Exclude the images, then return every line below exactly as written.

Data block
■ ■ ■ ■ ■
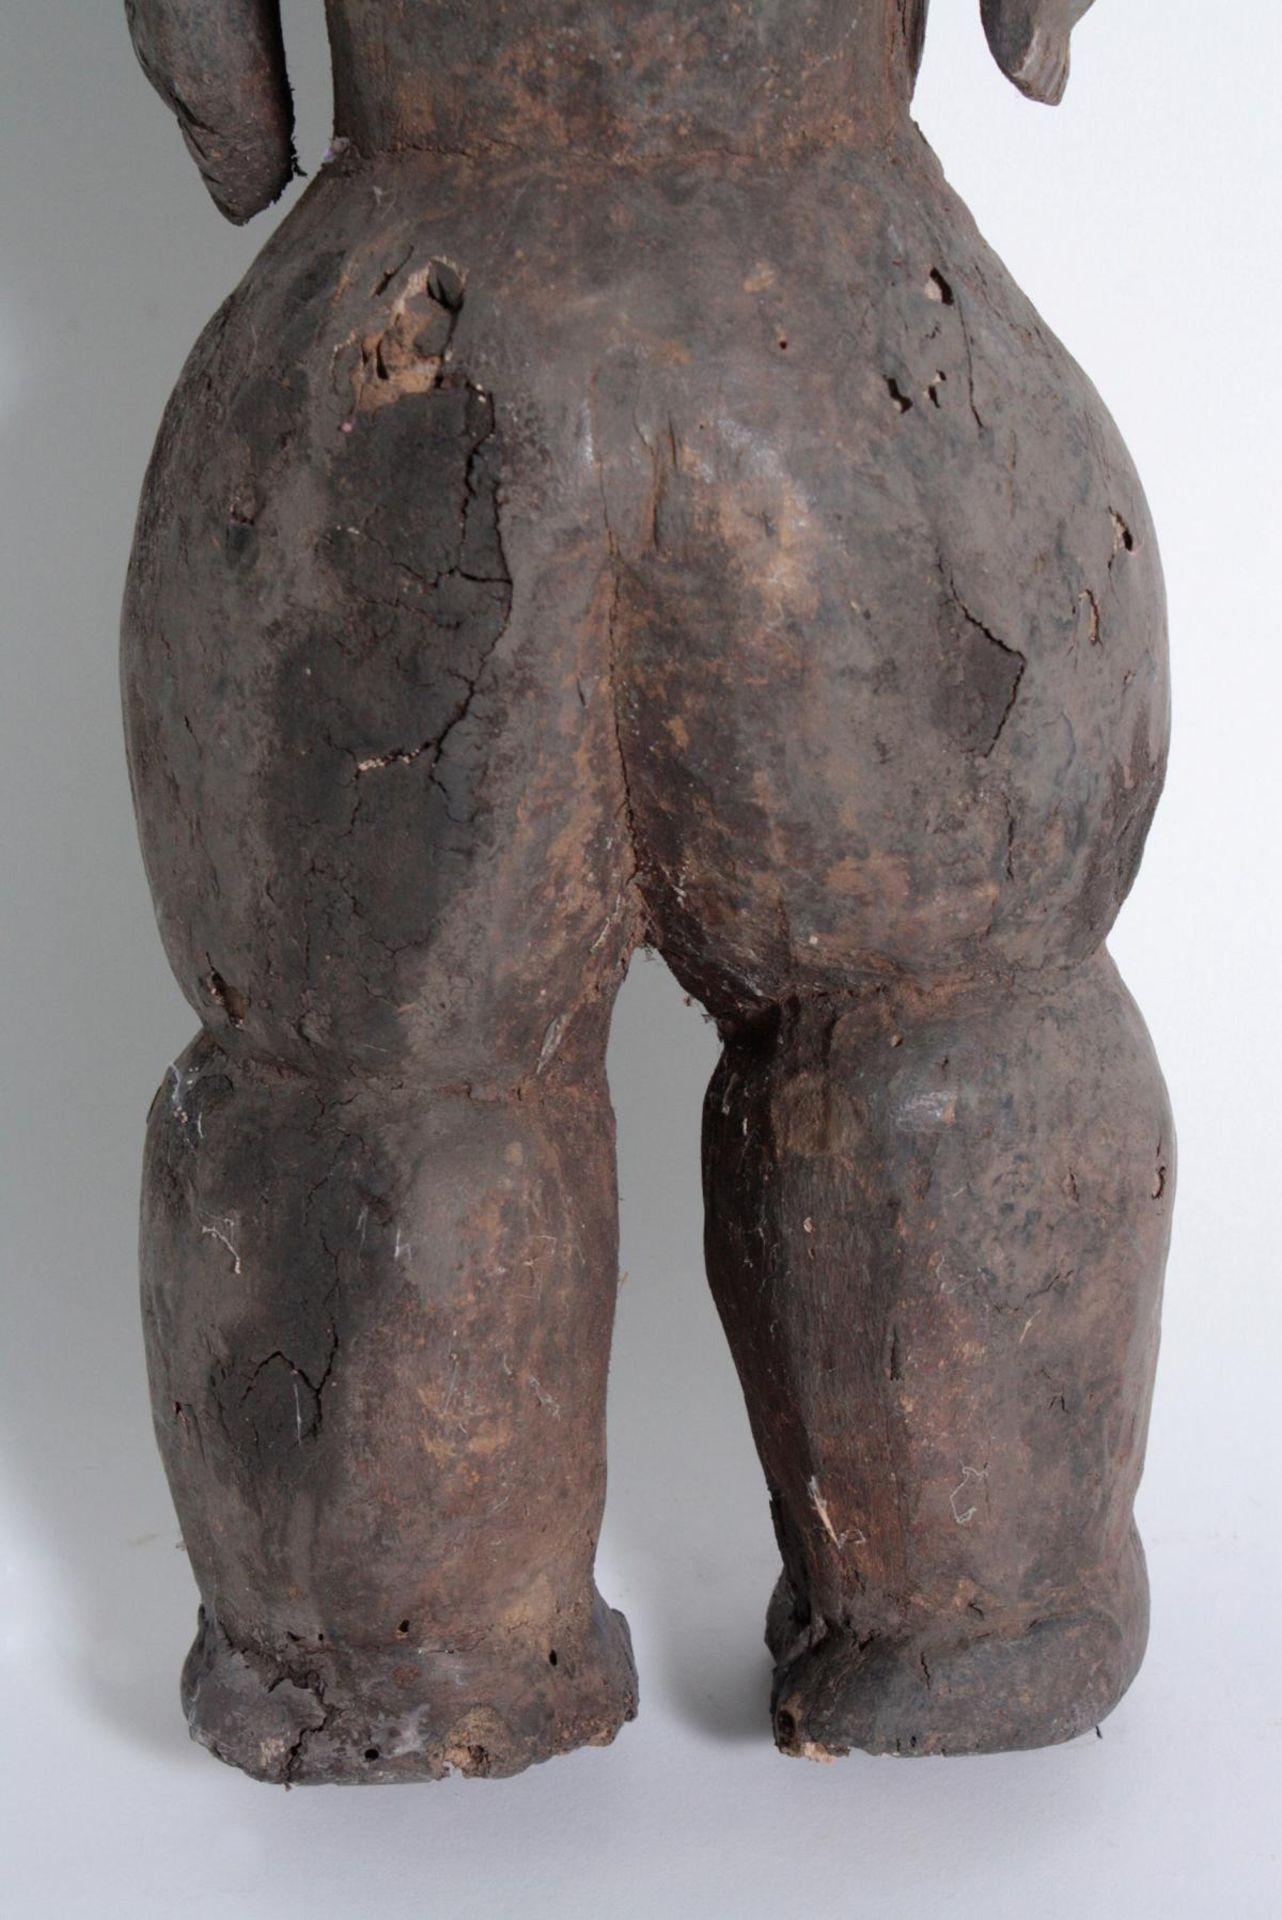 Ältere Ahnen-Figur, Tabwa, D. R. Kongo - Bild 10 aus 14
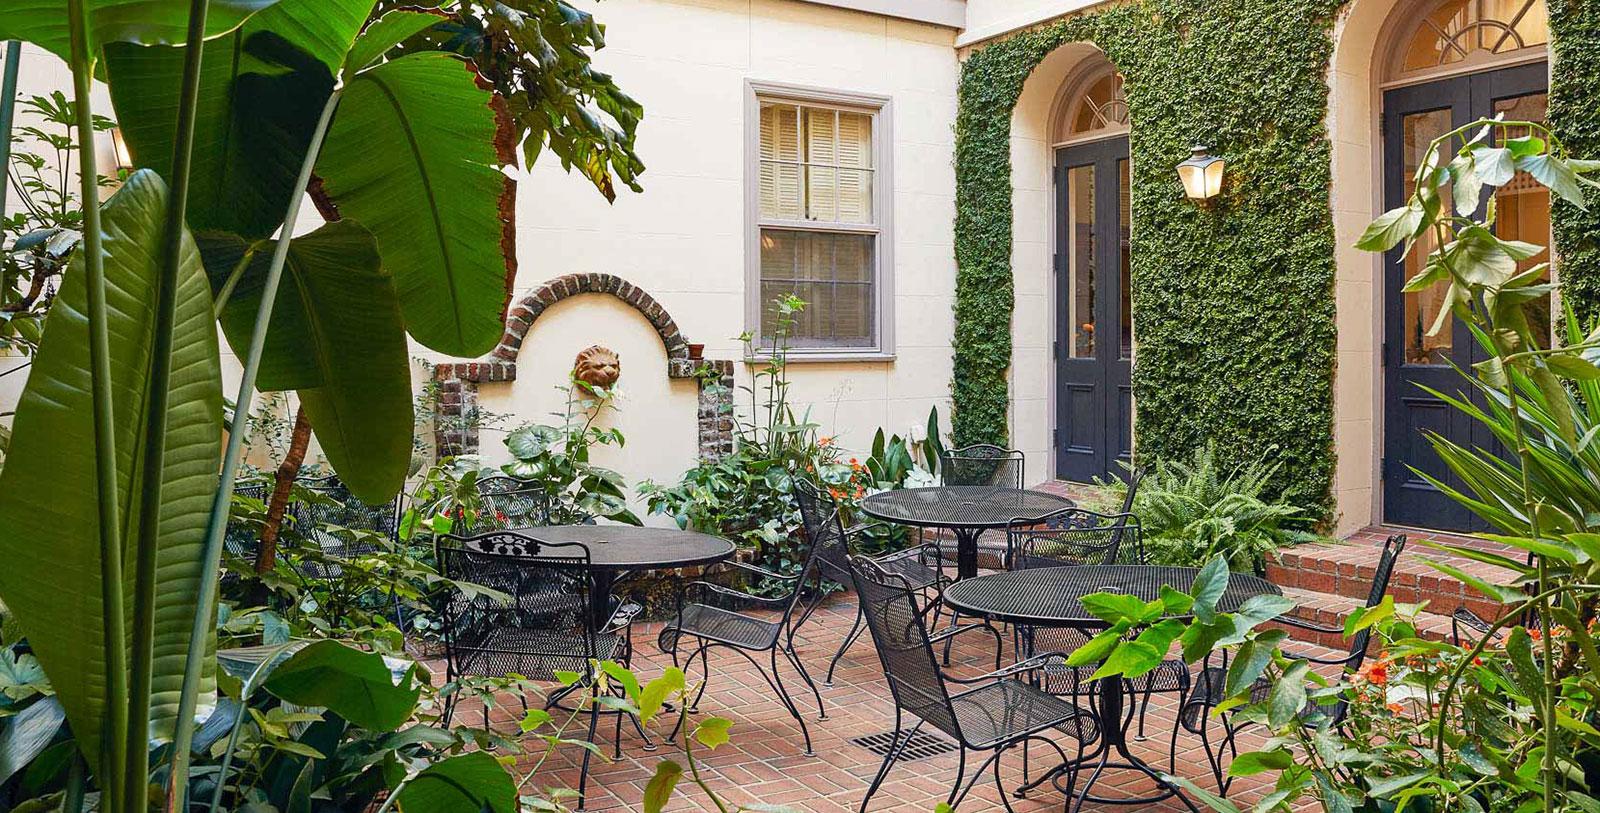 Image of Courtyard, Kings Courtyard Inn in Charleston, South Carolina, 1853, Member of Historic Hotels of America, Hot Deals
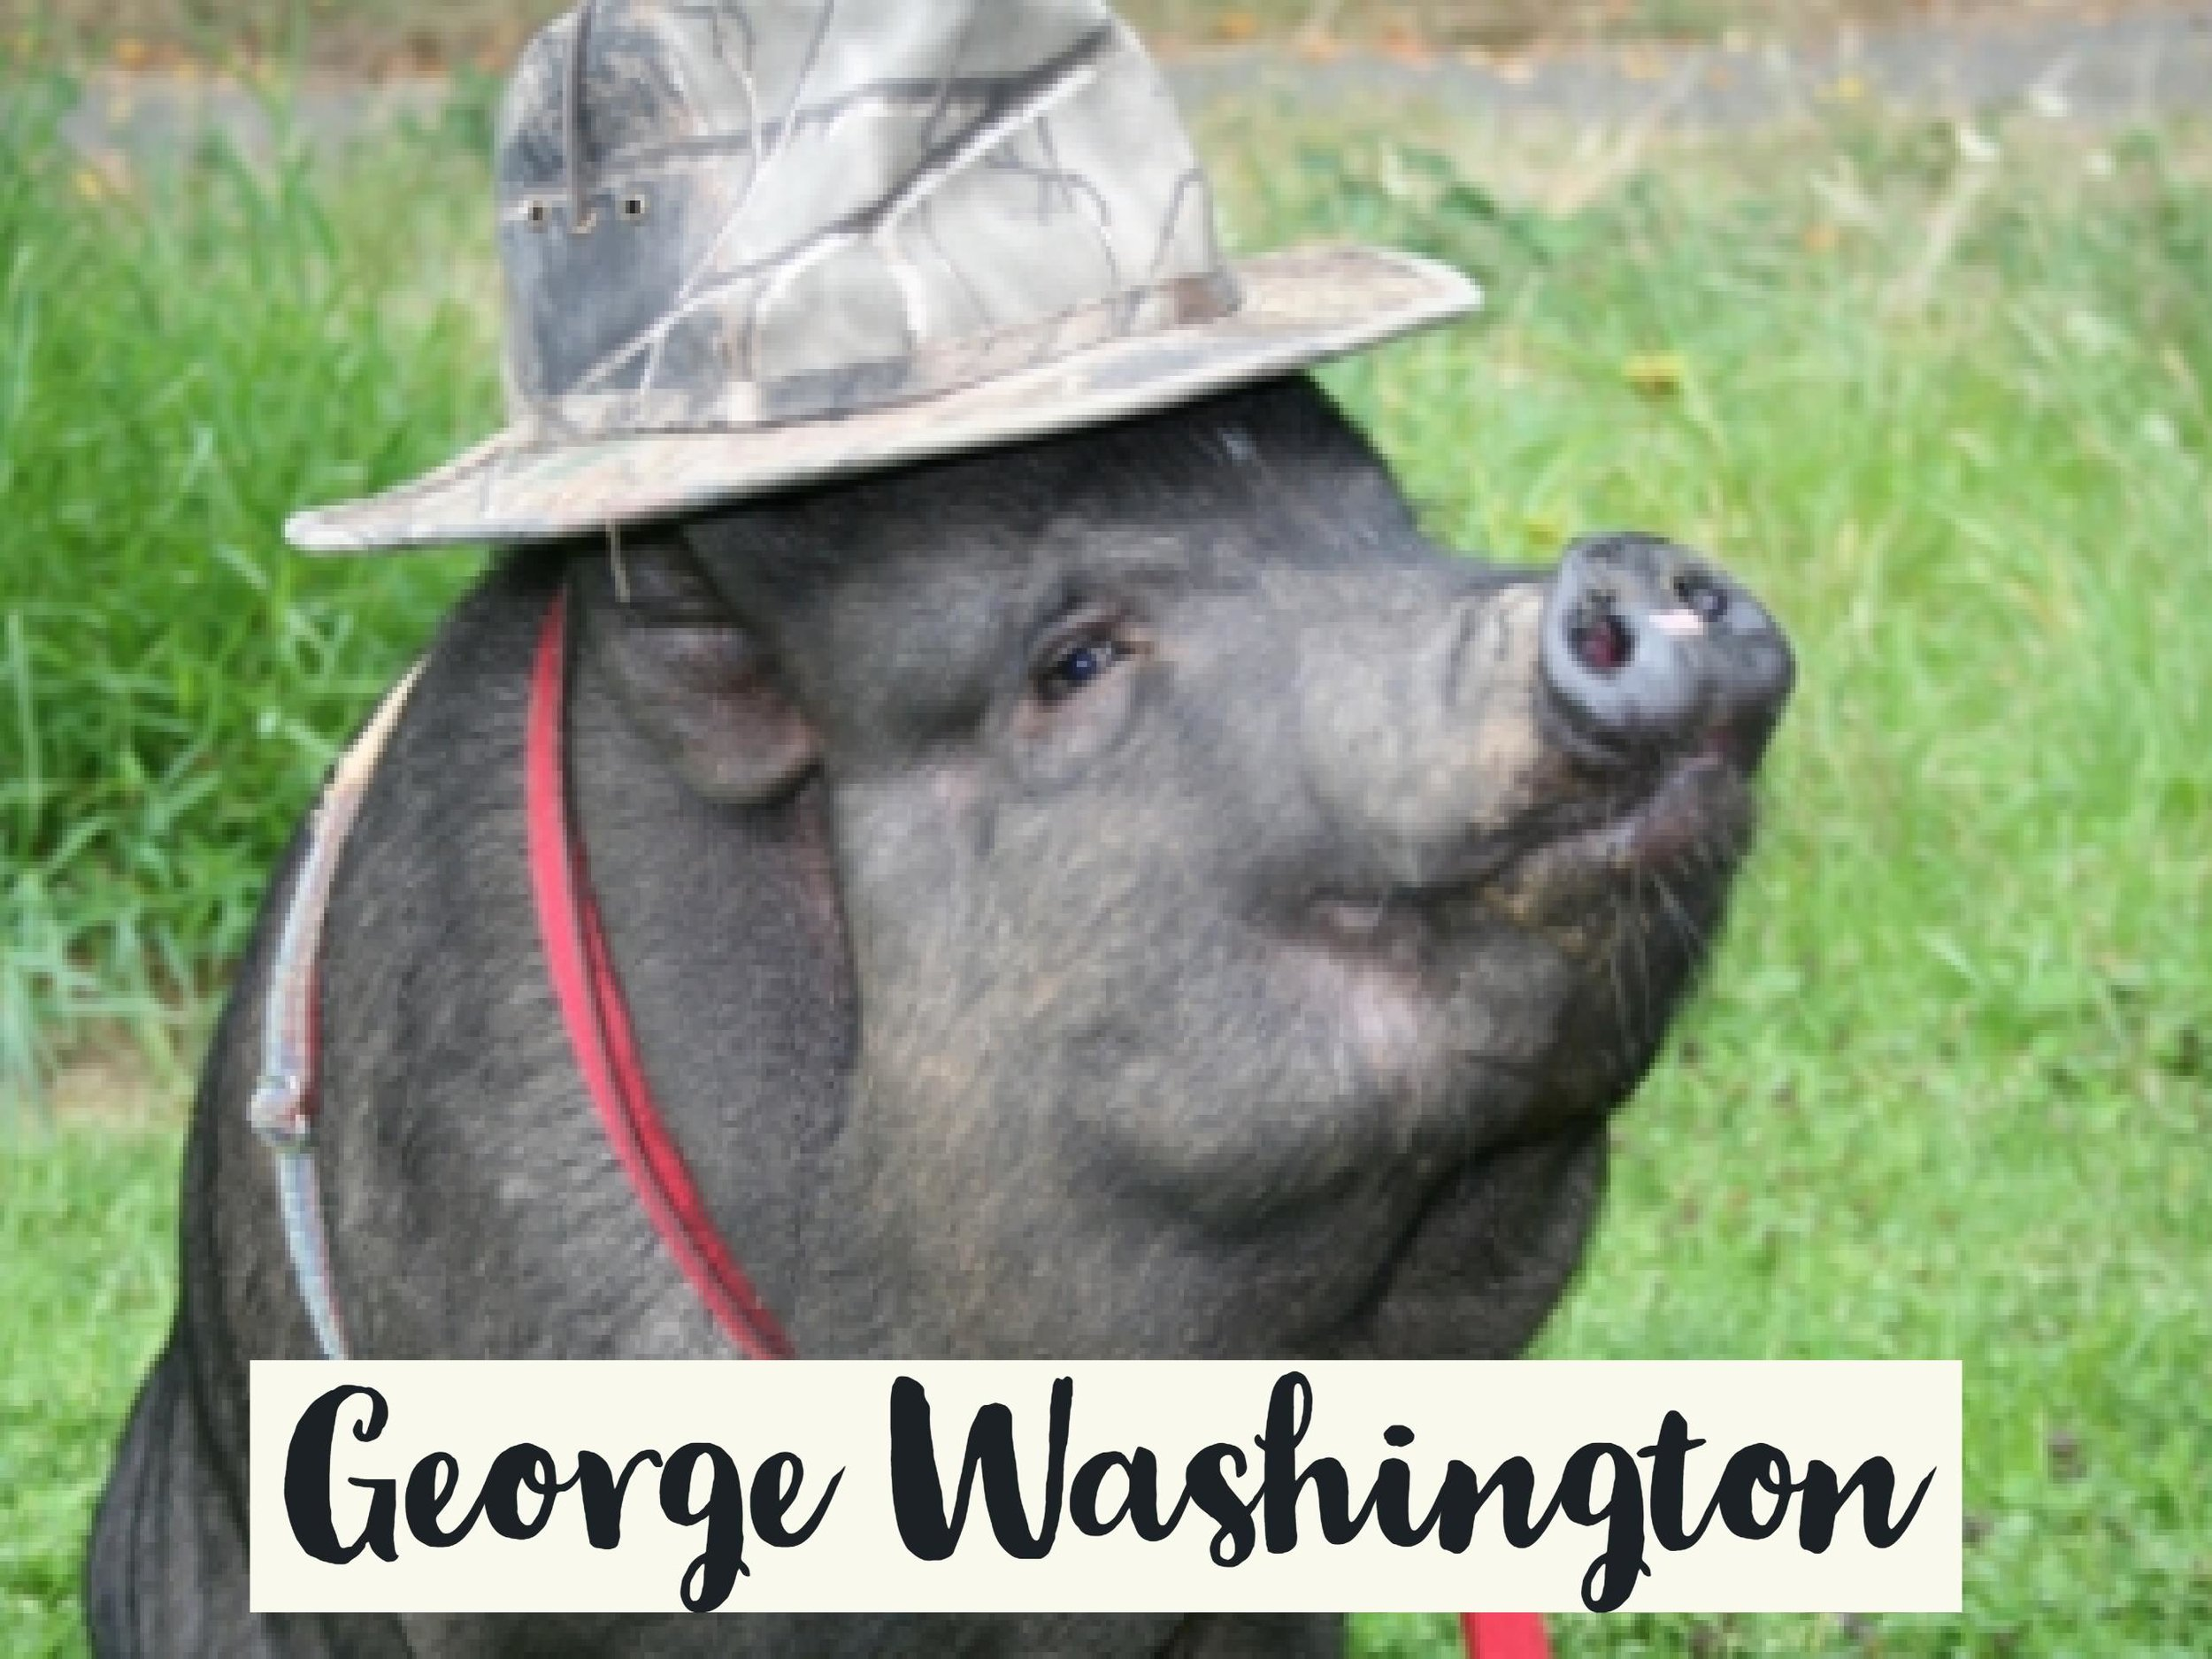 GeorgeWashington_WV17.jpg
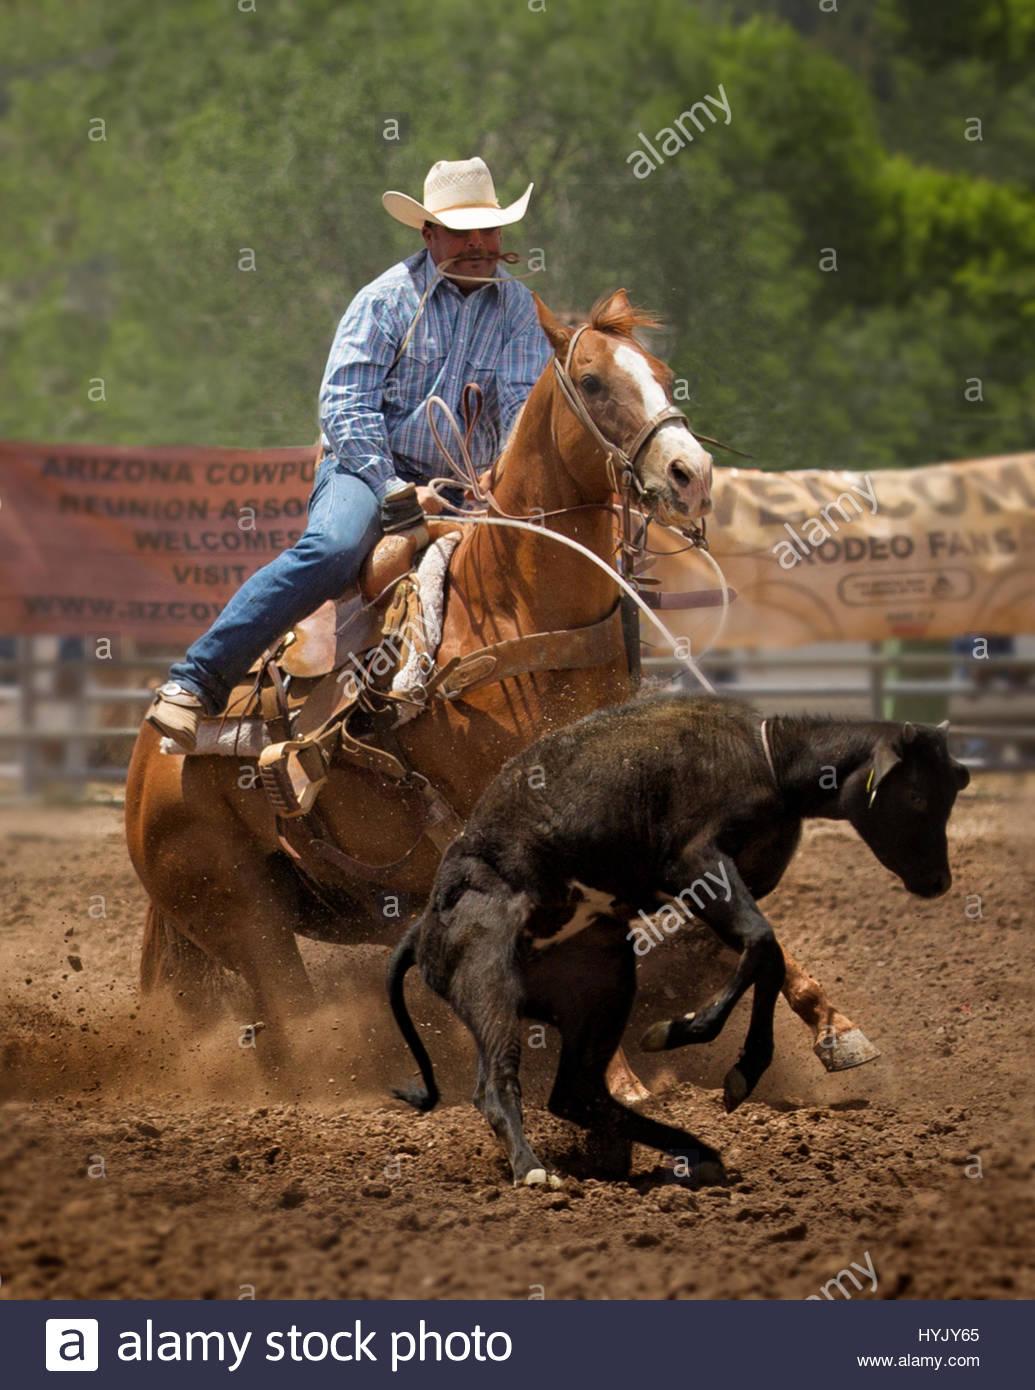 Arizona Cowboy Rodeo Stock Photos Amp Arizona Cowboy Rodeo
■ ■ ■ ■ ■
Output for this exercise
 Ältere Ahnen-Figur, Tabwa, D. R. Kongo - Bild 10 aus 14
 Image of Courtyard, Kings Courtyard Inn in Charleston, South Carolina, 1853, Member of Historic Hotels of America, Hot Deals
 GeorgeWashington_WV17.jpg
 Arizona Cowboy Rodeo Stock Photos Amp Arizona Cowboy Rodeo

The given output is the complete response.